TASK PROMPT —
An exact copy is needed of the lines in the entries below from the line with "Slim Straight Leg" up to and including the line with "Papaya Dandelion Root", and of nothing else. Leave the pictures out.
━━ DATASET CONTENT
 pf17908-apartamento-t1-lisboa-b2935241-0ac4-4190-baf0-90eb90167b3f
━━━━
━━ DATASET CONTENT
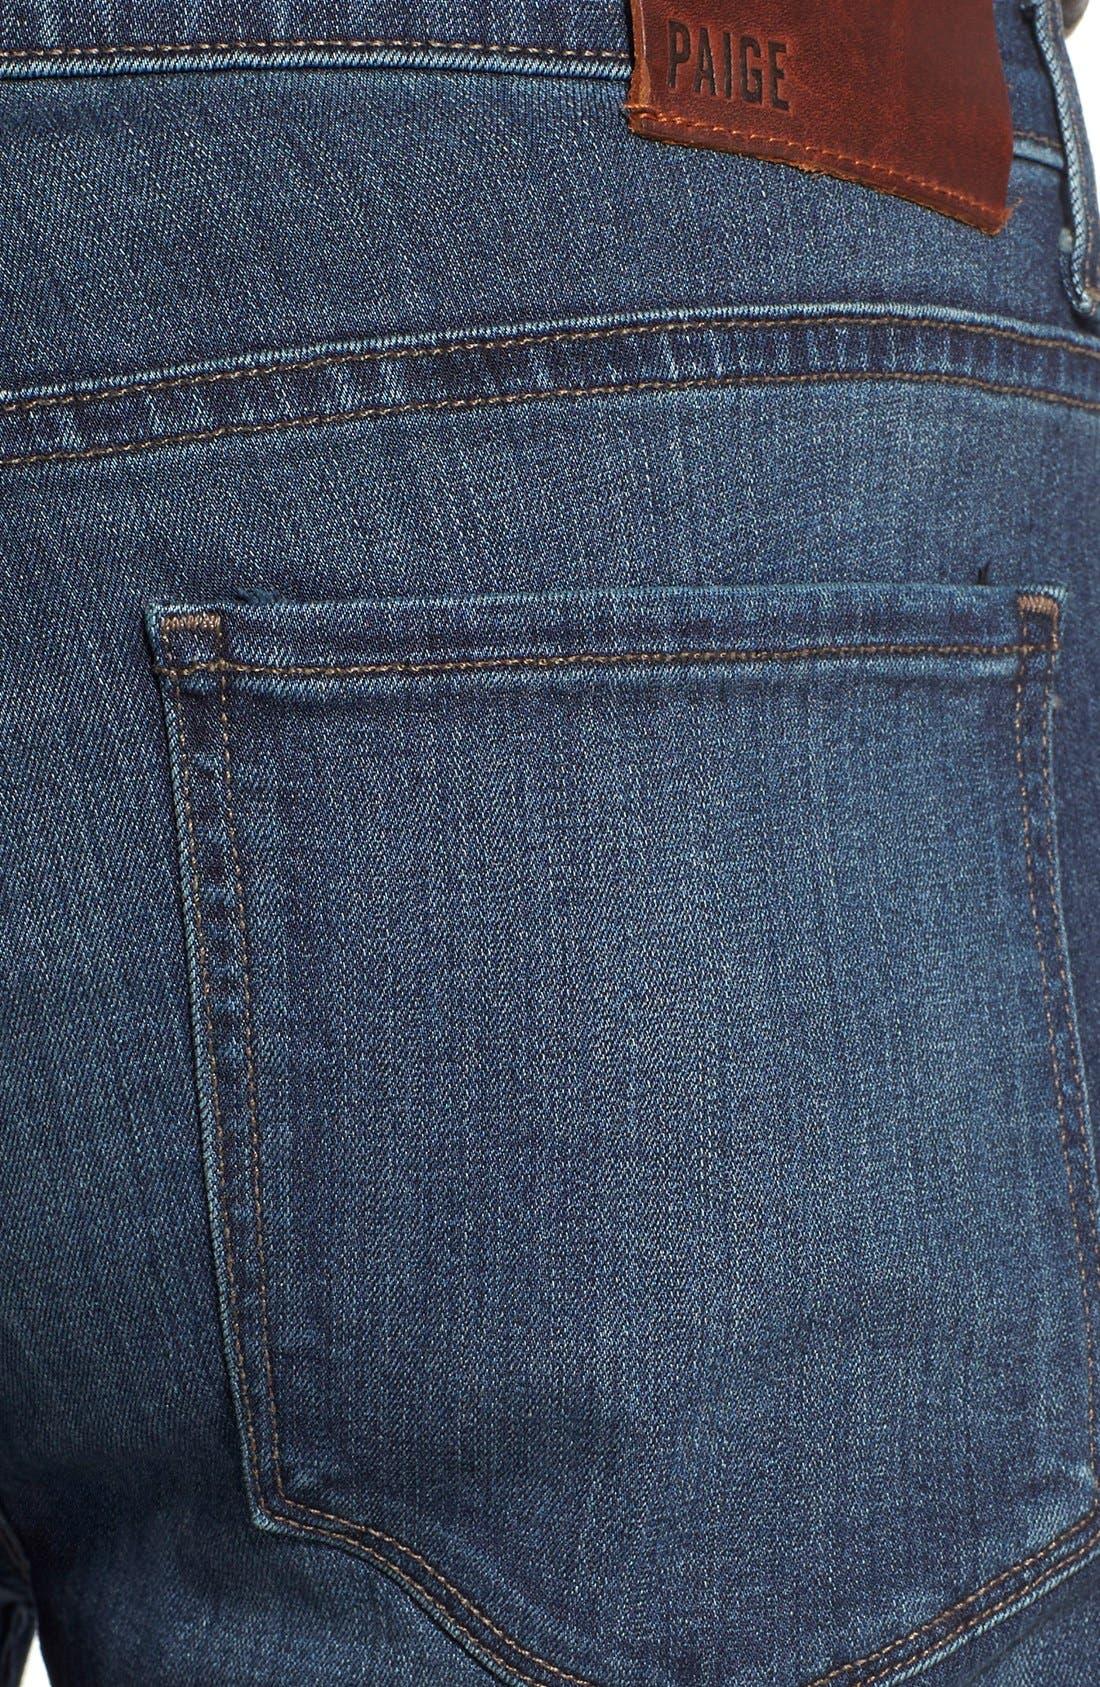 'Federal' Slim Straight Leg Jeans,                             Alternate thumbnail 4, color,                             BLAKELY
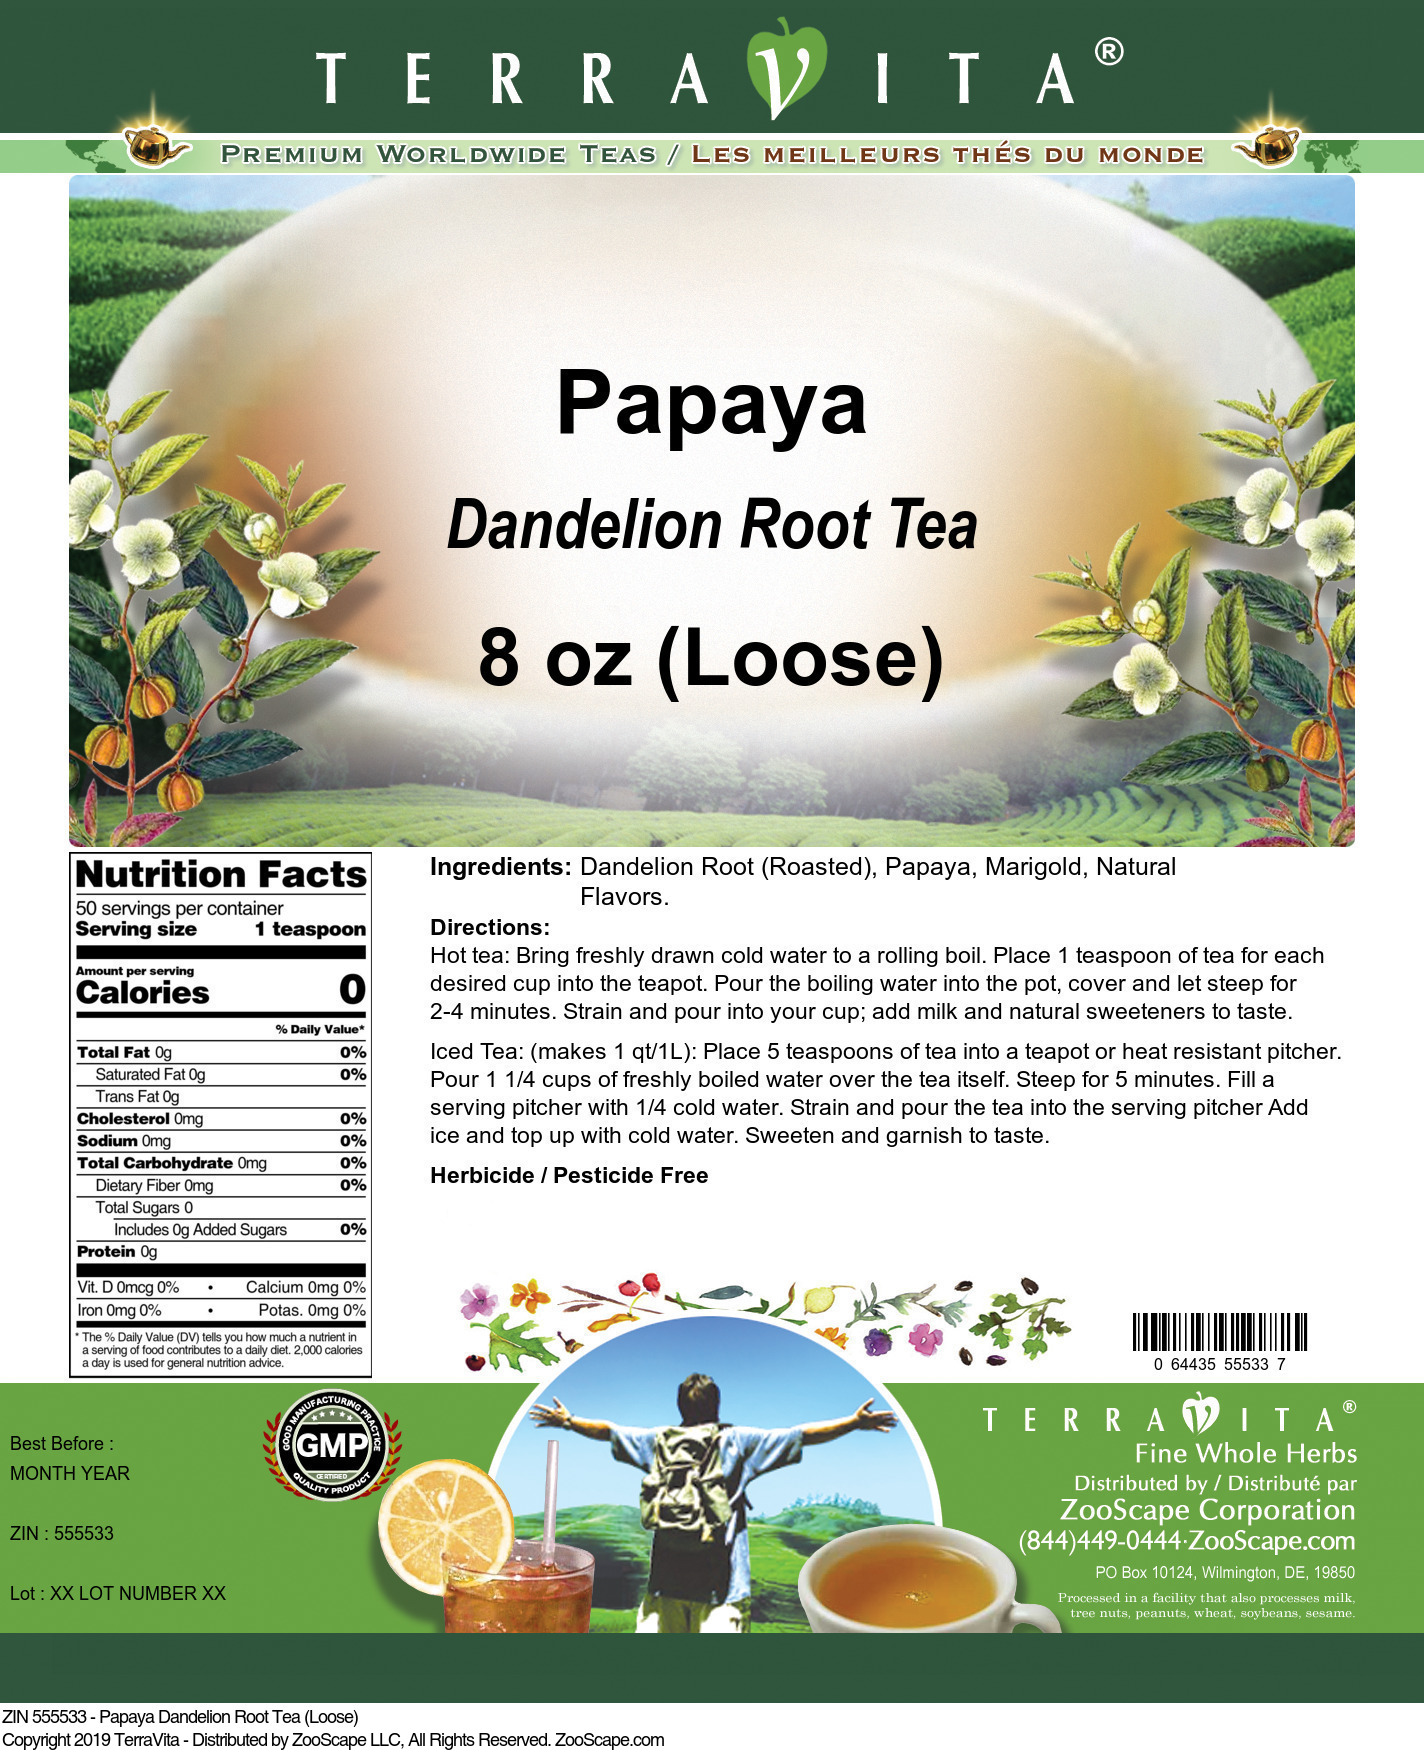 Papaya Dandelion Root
━━━━
━━ DATASET CONTENT
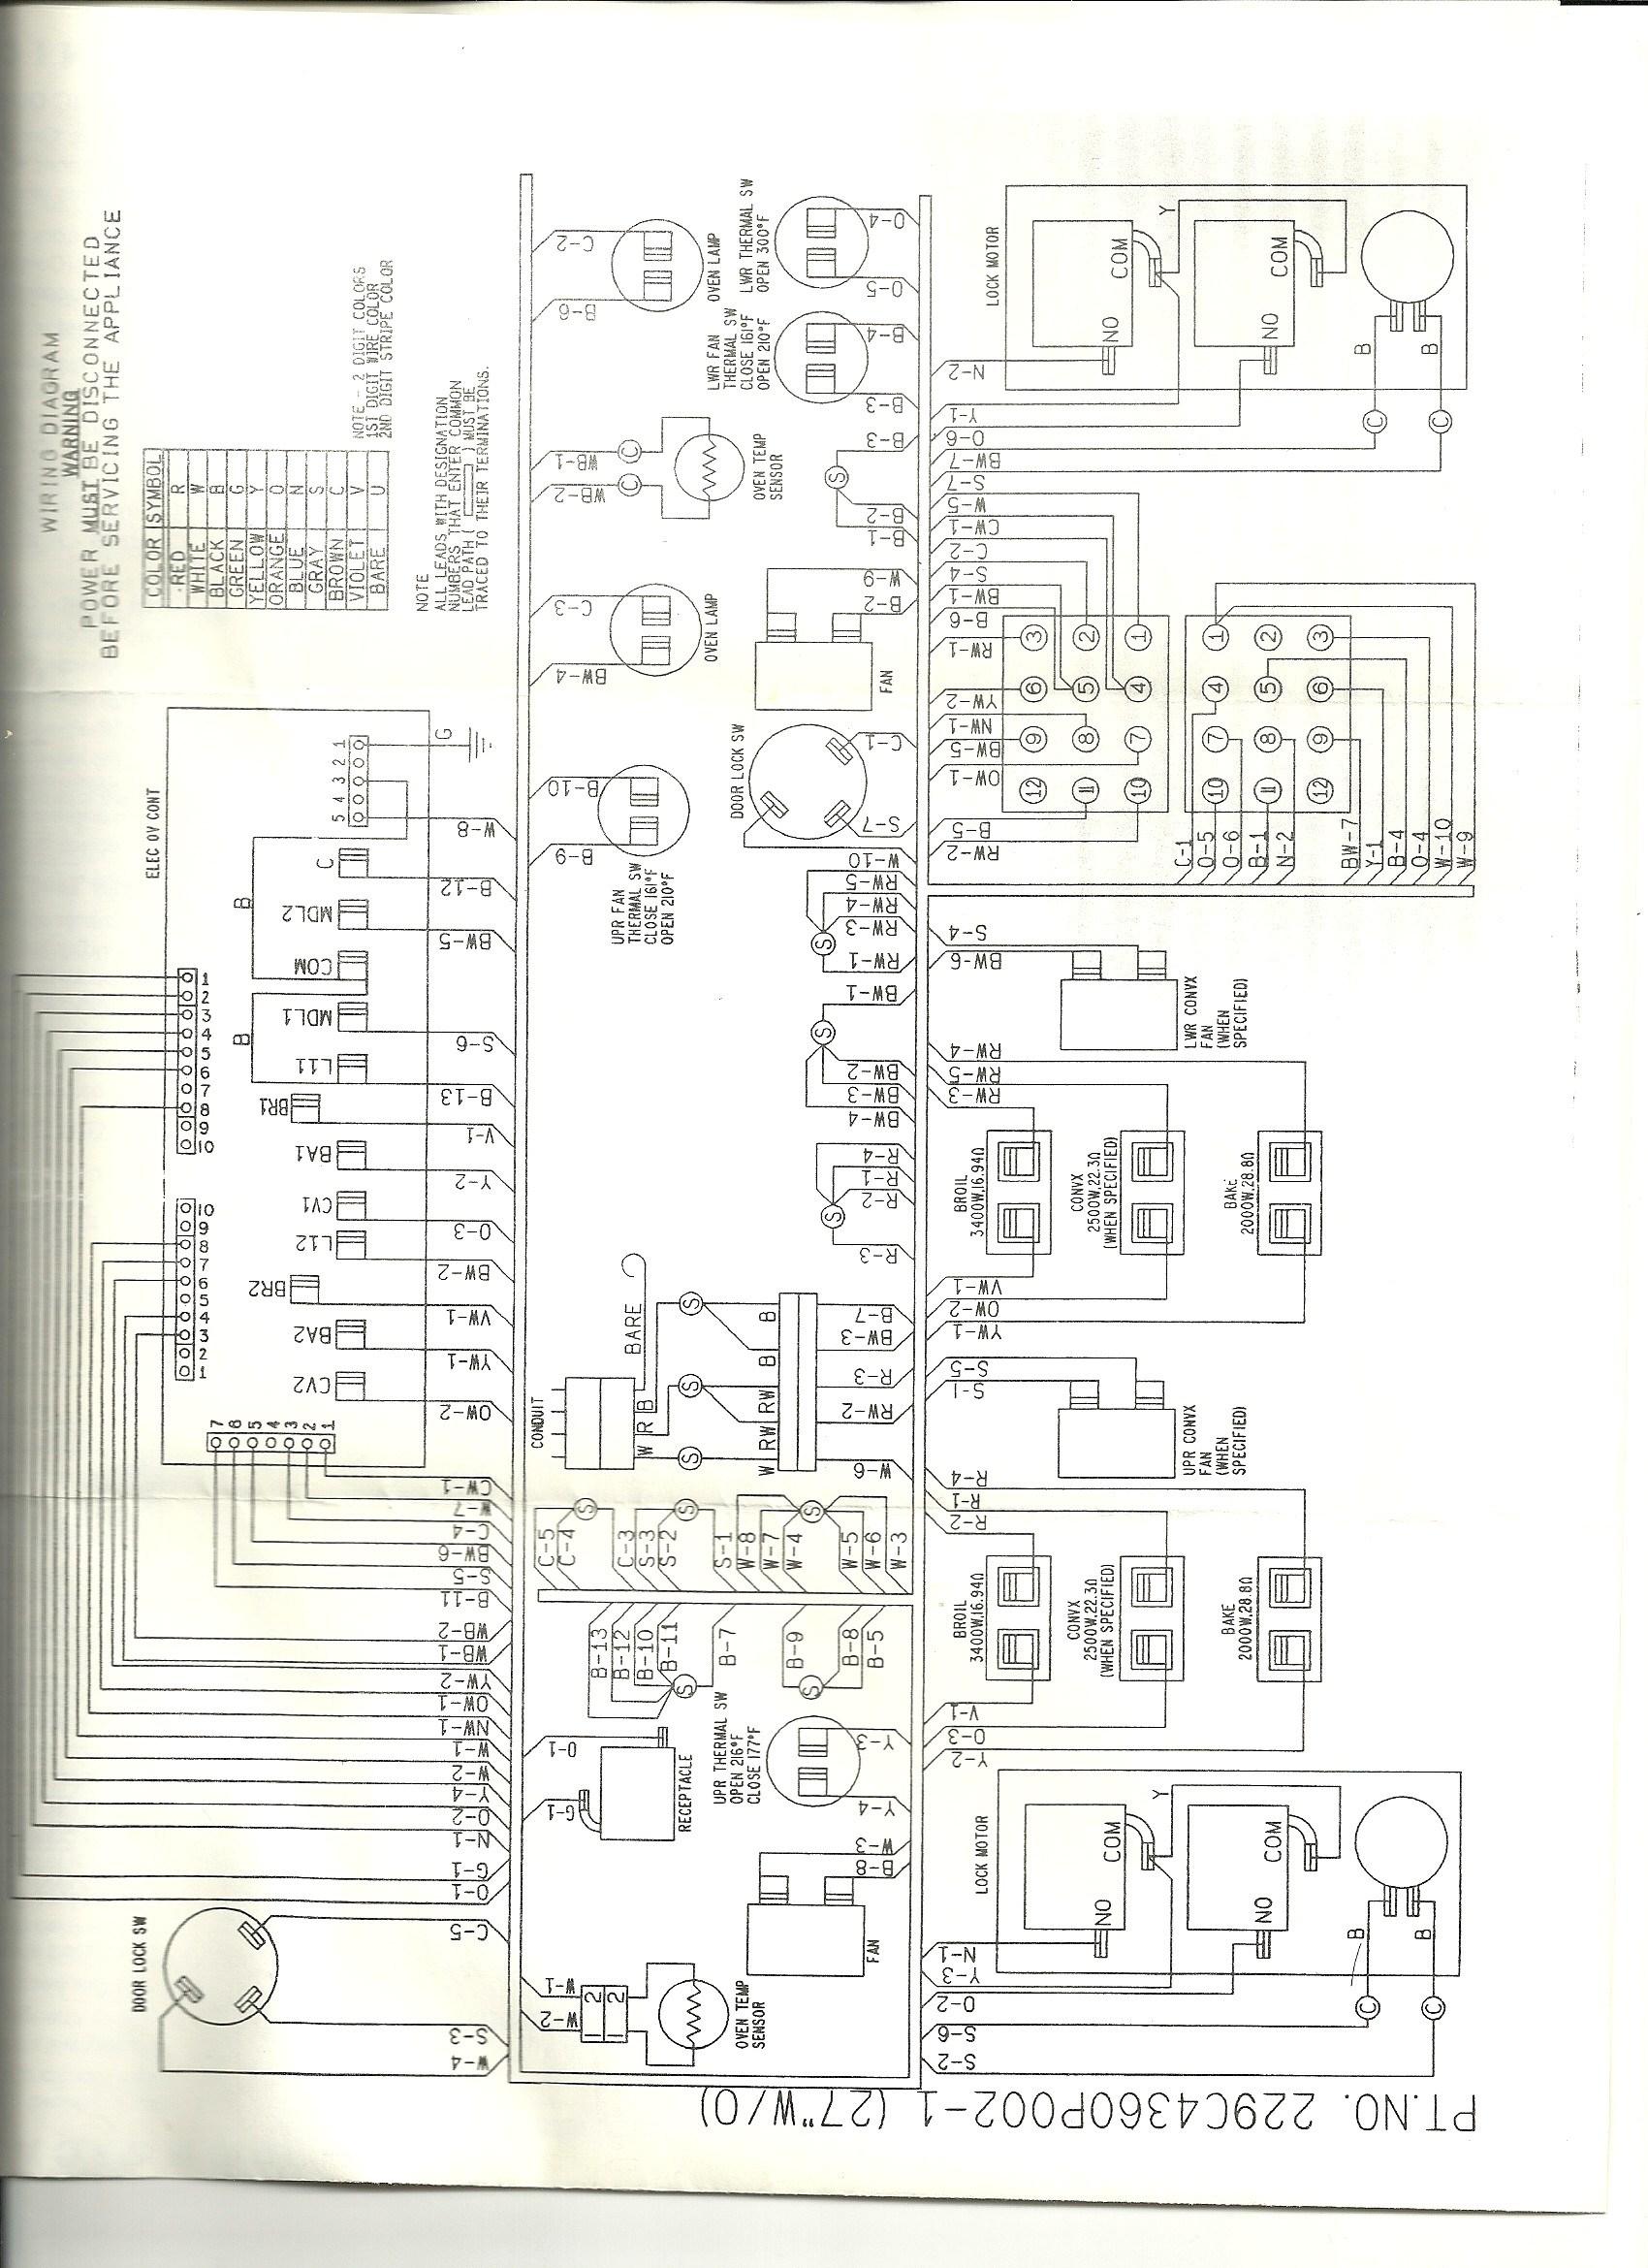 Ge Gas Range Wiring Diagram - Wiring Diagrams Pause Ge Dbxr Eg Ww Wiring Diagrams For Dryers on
━━━━
SOLVED PROBLEM —
 'Federal' Slim Straight Leg Jeans,                             Alternate thumbnail 4, color,                             BLAKELY
 Papaya Dandelion Root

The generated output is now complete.